Today, every animal or fungal cell has two life families, one is the nuclear family and the other is the bacterial family, whose ancestors were bacteria that once lived independently. There is a third family in plant cells , whose ancestors were cyanobacteria that once lived independently.


The more we observe, the more we discover that the characteristics of one species can be borrowed, stolen, and modified by another species for new purposes. In this way, the owner inherits the ready-made invented parts without having to re-invent it himself. It may be the combination of these components and the resulting new types of individuals that have opened the door to evolutionary opportunities.



For billions of years, life has existed in the form of single cell metabolism, and this invention uses the form of single cell metabolism. Energy and chemicals. With the emergence of more complex individuals, new ways to make protein, move around, and eat have emerged.


creatures with bodies,For example, animals, plants and fungi are relatively new members of life on earth, and the cells that make up them are all merged by different individuals.


The emergence of the body opened up a new way of biological evolution.
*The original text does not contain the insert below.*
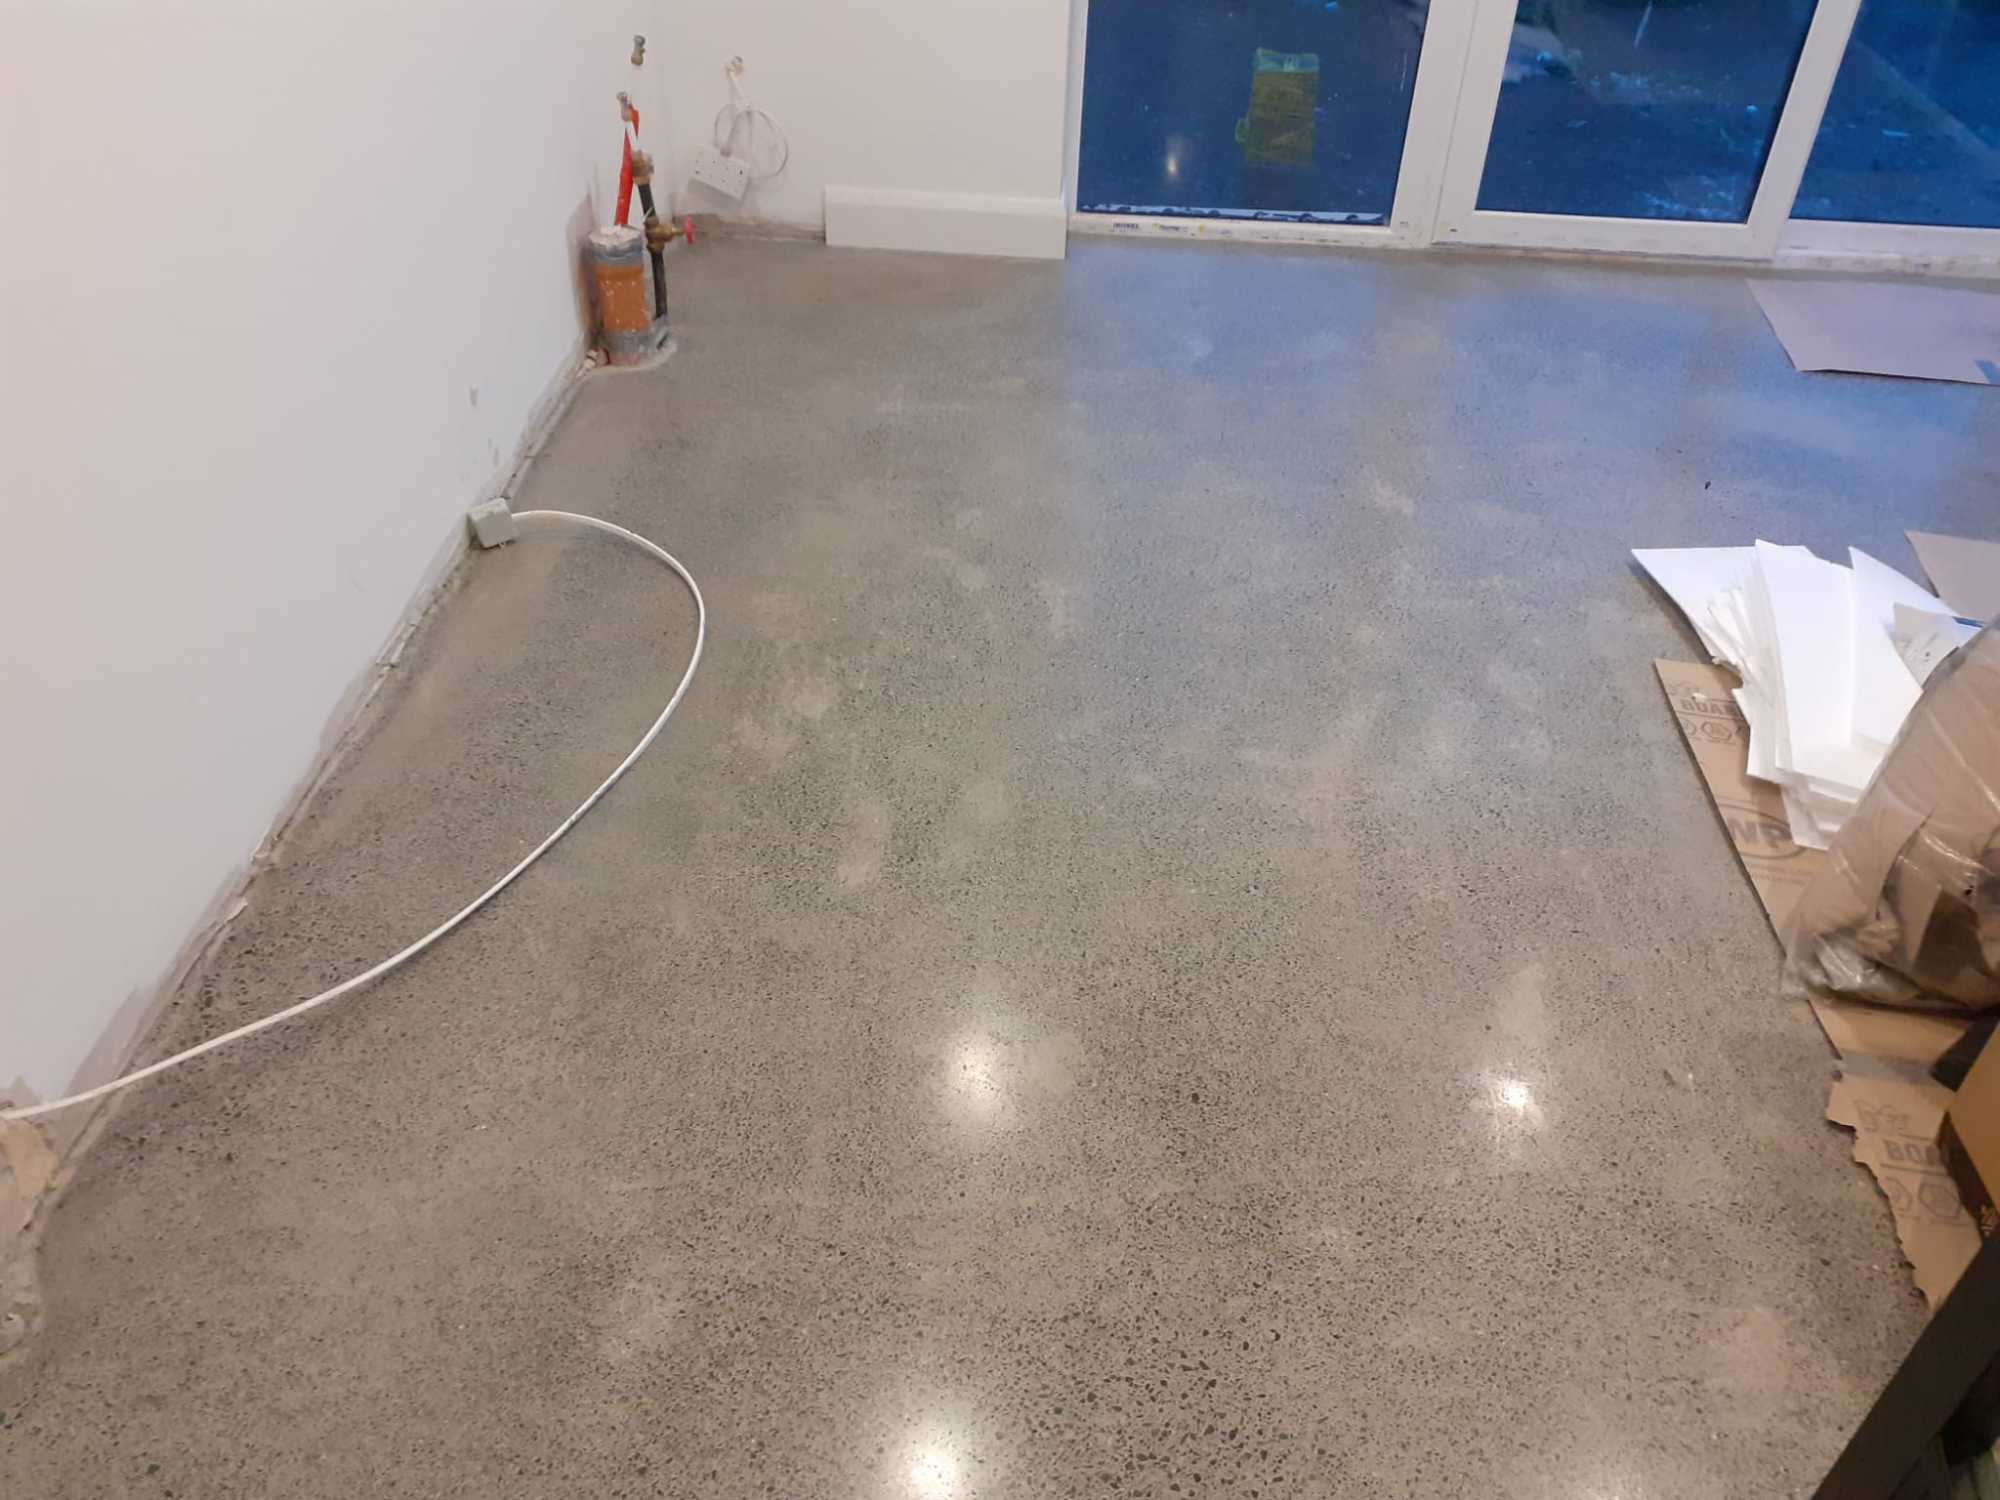 Footprints in polished concrete

An organism composed of multiple cells, each cell powered by organelles, can grow up and develop new tissues and organs.


As a result, the diversity of tissues and organs helps animals fly to the highest altitudes and swim on the sea floor. More advanced human species have also designed satellites to detect distant regions of the solar system.


is stealing, but in a clever way


The fusion, borrowing, and reuse of technologies and inventions from other species are part of the past billions of years of evolutionary history.


2020 Nobel Prize in Chemistry was awarded to two women who helped design CRISPR-Cas, a new technology for editing genomes. In nature, CRISPR is a defense mechanism used by bacteria to resist virus invasion.



We finally figured out what cells and genomes have been doing for billions of years,The methods invented by bacteria are used to alter the genomes of other bacteria.


As a result, as Lynn Margulis has seen, a proper technique can change evolution with a little patch.